SEM and AFM studies did not reveal any significant morphological differences between the sensing layers of Electrode A and Electrode D, Fig. 2. The roughness measured by AFM was almost identical for both layers (ESI, Fig. S5). In brief, the surface of the sensing layers was represented by hybrid organic–inorganic nanoparticles. Thus, apart from the Pd peak corresponding to Pd-NPs, EDX analysis revealed the presence of Nafion (S and F peaks) and the biocomponent (characteristic C and O peaks in the EDX spectra), ESI, Fig. S6.


image file: d5an00337g-f2.tif
Fig. 2 SEM (A and B) and AFM (C and D) images obtained from the sensing layers of Electrode A (A and C) and Electrode D (B and D).

However, similar morphology and roughness cannot guarantee similar biochemical efficacy of the reconstructed enzyme. Therefore, next, it was necessary to clarify whether the biochemical efficacy of the reconstructed apo-GOx (Electrode D) remained identical to that of the original holo-GOx (Electrode A).

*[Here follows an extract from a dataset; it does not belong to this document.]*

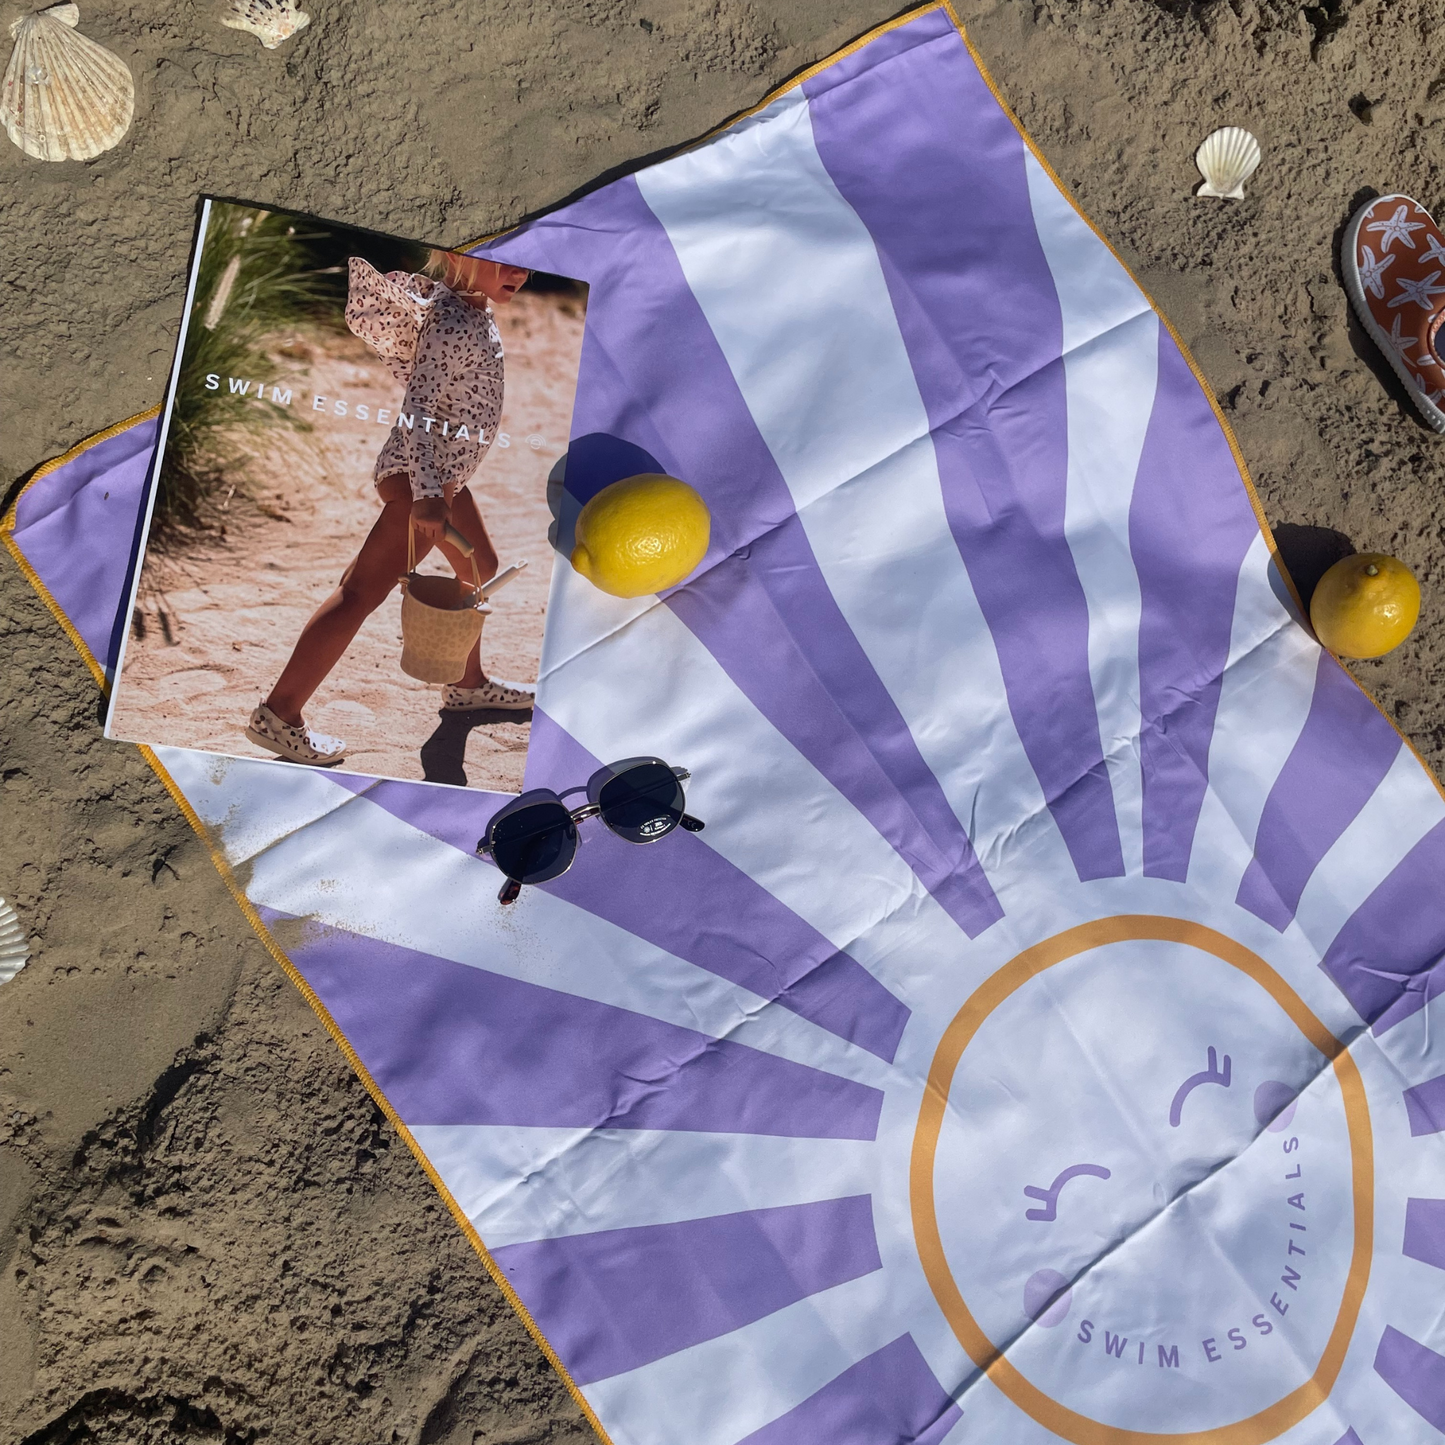 SE Microvezel Handdoek Happy Sunshine 135 x 65 cm

To this end, the properties of apo-GOx after interaction with the cofactor FAD immobilized on the electrode were studied in dynamic AM mode under constant potential of 0.2 V applied for 2000 s. Briefly, in the presence of apo-GOx a gradual time-dependent anodic current increase was recorded from the FAD-modified electrode (Electrode D) regardless of glucose concentration, Fig. 3 (line a and b, shown for 5 mM and 25 mM as a case study). Although a gradual, time-dependent increase in anodic current was also recorded the same FAD-modified electrode in the presence of aqueous holo-GOx and glucose (Fig. 3, line c), both the magnitude of the current and the shape of the curves differ noticeably. This suggests that the interaction mechanisms in these systems may not be entirely equivalent.


image file: d5an00337g-f3.tif
Fig. 3 Time-dependent AM responses recorded from: a and b – FAD-modified electrode (Electrode D) examined in a droplet of 5 mM (a) and 25 mM glucose (b) with 1 μg μL−1 of apo-GOx (in situ reconstructed apo-GOx) added; cElectrode D tested in a droplet of 25 mM glucose with 1 μg μL−1 of holo-GOx added; dElectrode A in a droplet of buffer (0 mM glucose); eElectrode A in a droplet of 5 mM glucose; fElectrode A in a droplet of 25 mM glucose.

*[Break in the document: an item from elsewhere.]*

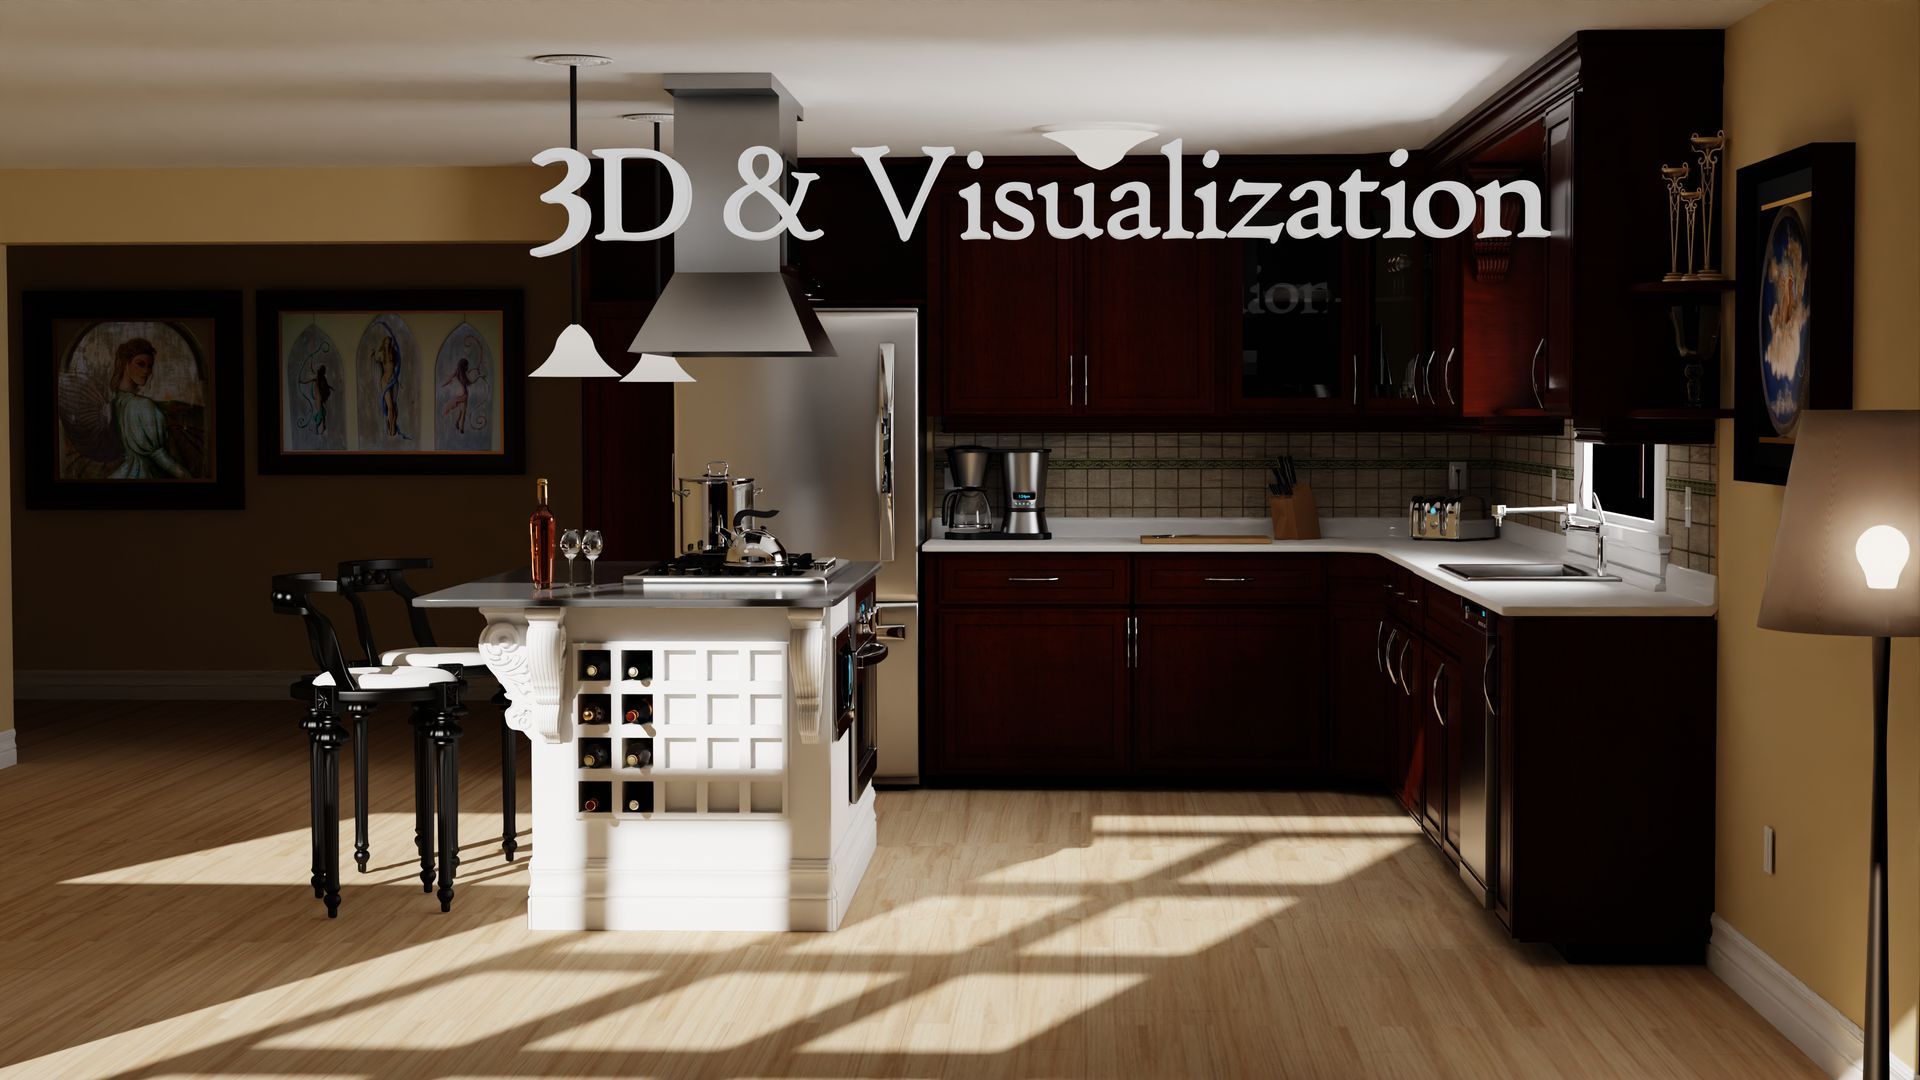 3D / VISUALIZATION

In addition, under a constant glucose concentration, and constant amount and type of protein in the droplet, the time-dependent current increase recorded from Electrode D was highly reproducible across runs and batches, ESI, Fig. S7 and S8 (shown for apo-GOx). This effect occurred exclusively in the presence of glucose – a physiological substrate of GOx. Thus, no current response was obtained from the same Electrode D examined in the presence of fructose and added apo-GOx, ESI, Fig. S9.

By comparison, the electrode modified with Pd-NPs/holo-GOx/Naf (Electrode A, Fig. 3, lines df) showed no gradual, time-dependent current increase in the presence of glucose, unlike Electrode D (Fig. 3, lines a and b). The behavior of Electrode A, in contrast to Electrode D, is consistent with previously reported observations.28–31

In summary, the properties of electrodes containing electrodeposited native holo-GOx (Pd-NPs/holo-GOx/Naf, Electrode A) in the sensing functional layer differ from electrodes with in situ reconstructed apo-GOx (Pd-NPs/(apo-GOx + FAD)rec/Naf, Electrode D). More specifically, these two electrodes exhibited a significant real time difference in current behavior (Fig. 3, line a and b vs. line d and e).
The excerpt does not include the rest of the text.